Nakamichi 'Hayabusa' a.k.a. 'Peregrine'
Falconinely fast ( ͡⚆ ͜ʖ ͡⚆) textual decompressor

/Photo by Masaki/
高速伸長
Above four kanjis were written as a reply to paying my respects to Prof. Okumura, they are the motto/banner of this page.
Fastest textual decompression is targeted, here comes Nakamichi.
Update, 2015-Feb-12:
Couldn't resist and finally wrote 'Hayabusa' 隼 (peregrine falcon), a lightweighted 'Tengu' with Match Lengths 8 and 4.
Nakamichi 'Tengu' is a native XMM (128bit) decompression etude, 1MB Sliding Window is in use.
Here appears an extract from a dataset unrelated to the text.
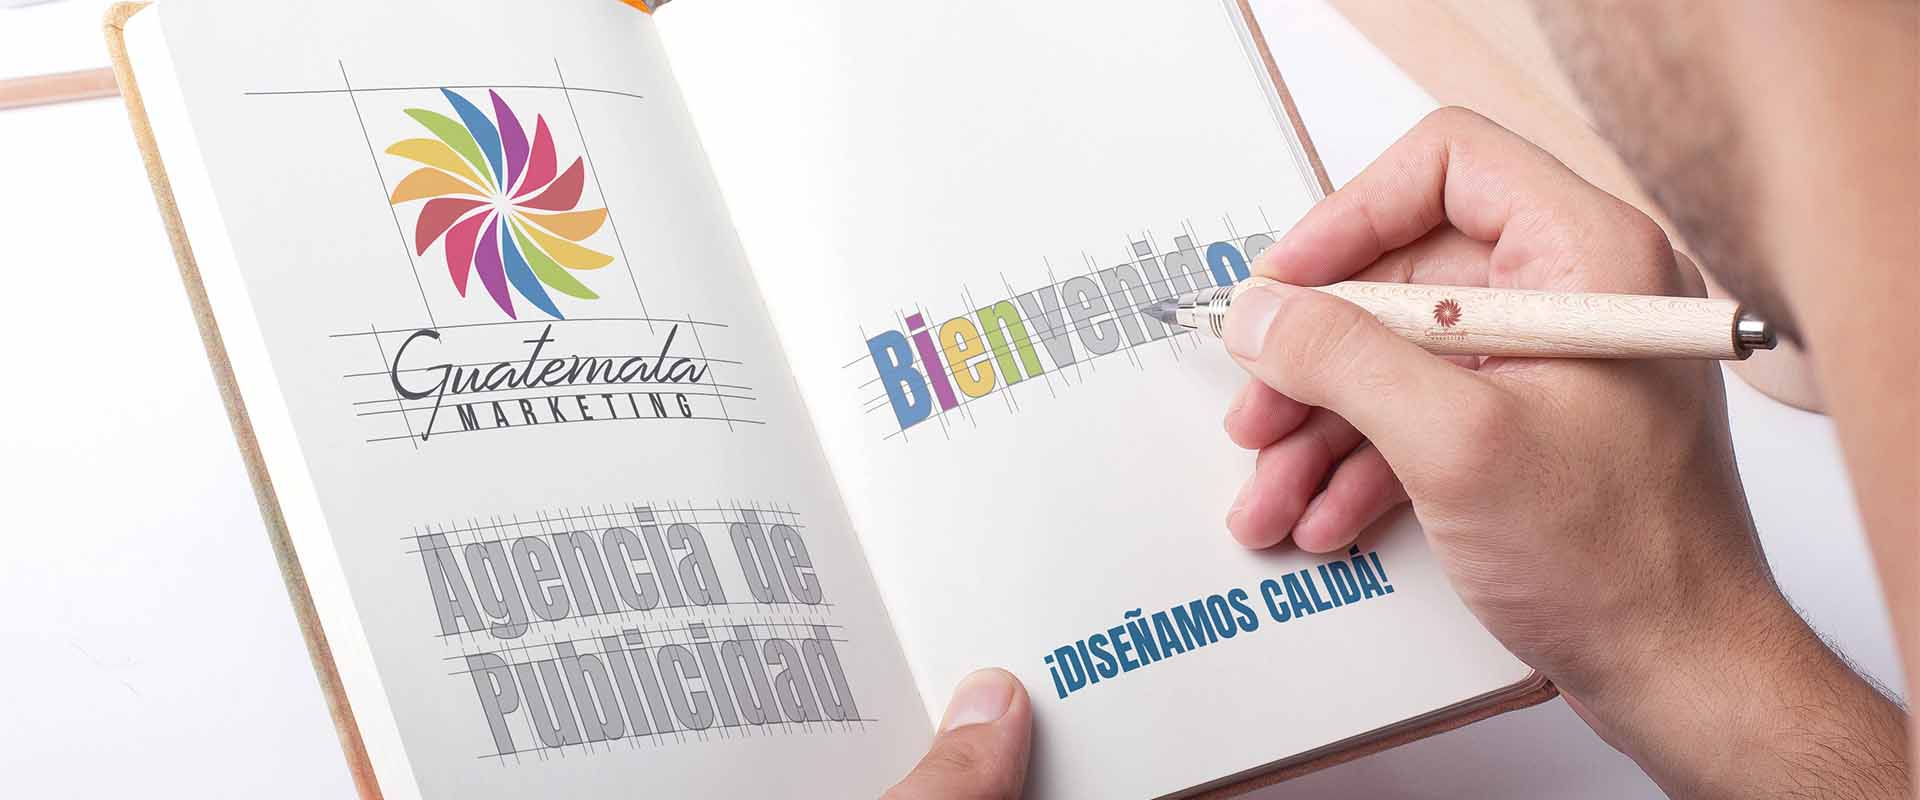 antigua-guatemala-marketing-diseno-grafico-brand-branding-marca-publicidad-agencia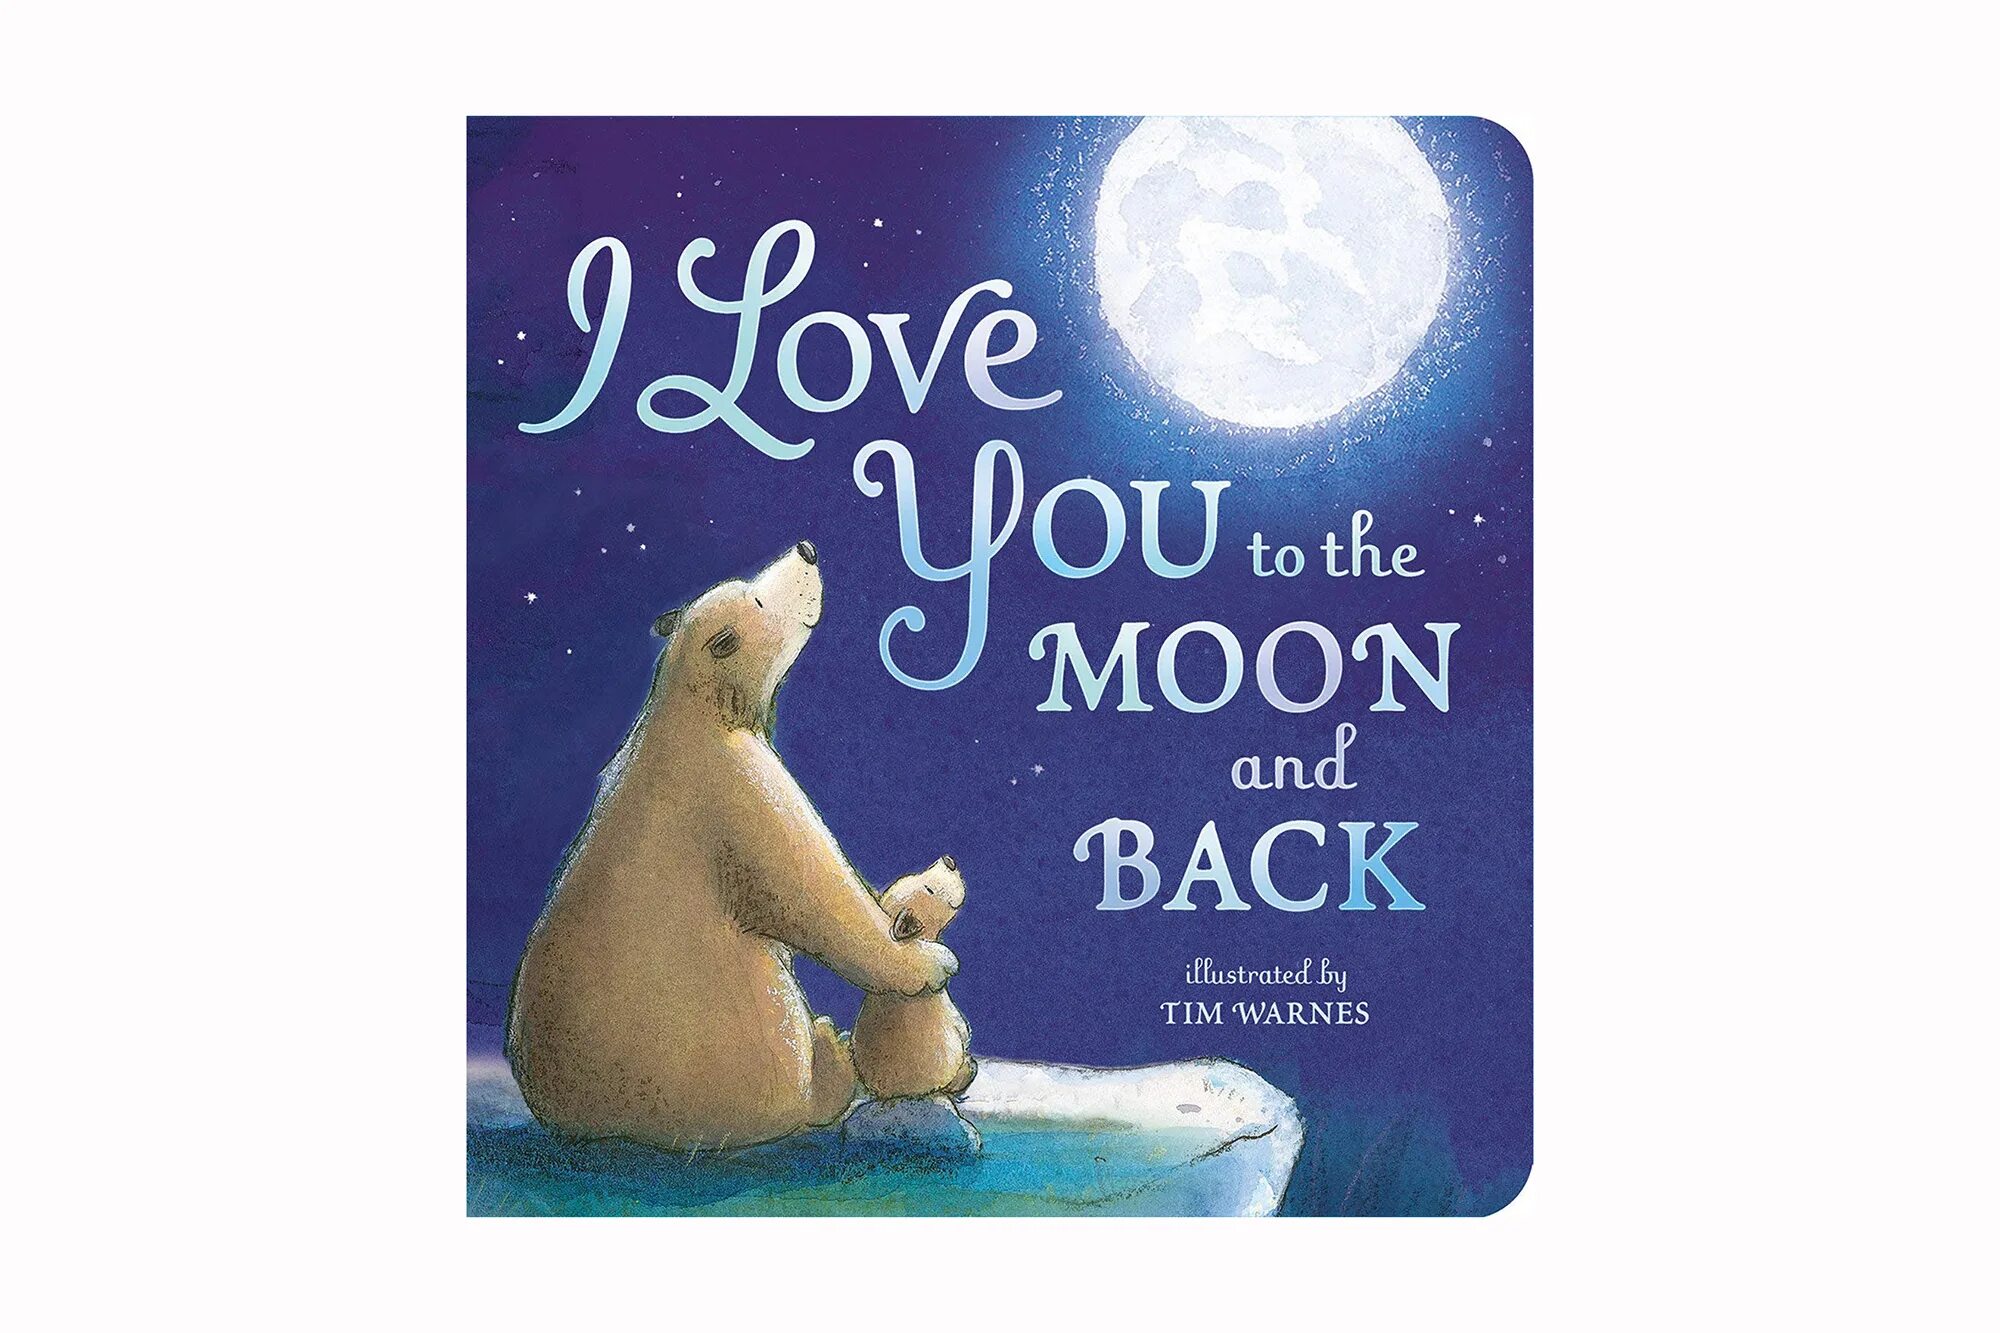 Предложение moon. To the Moon and back. I Love to the Moon and back. "The Moon and the Penny" книга. I Love you to the Moon and back картинка.

Nakamichi 'Hayabusa' is a native GP (64bit) decompression etude, 2MB Sliding Window is in use.
The beauty of this last Nakamichi variant is in its:
- licenselessness (100% FREE); ( ͡⚆ ͜ʖ ͡⚆)
- falconine textual decompression speed;
- potential ability to remove in future the second reload (in the literal branch), exploiting the fact of 7 bytes MAX long literals.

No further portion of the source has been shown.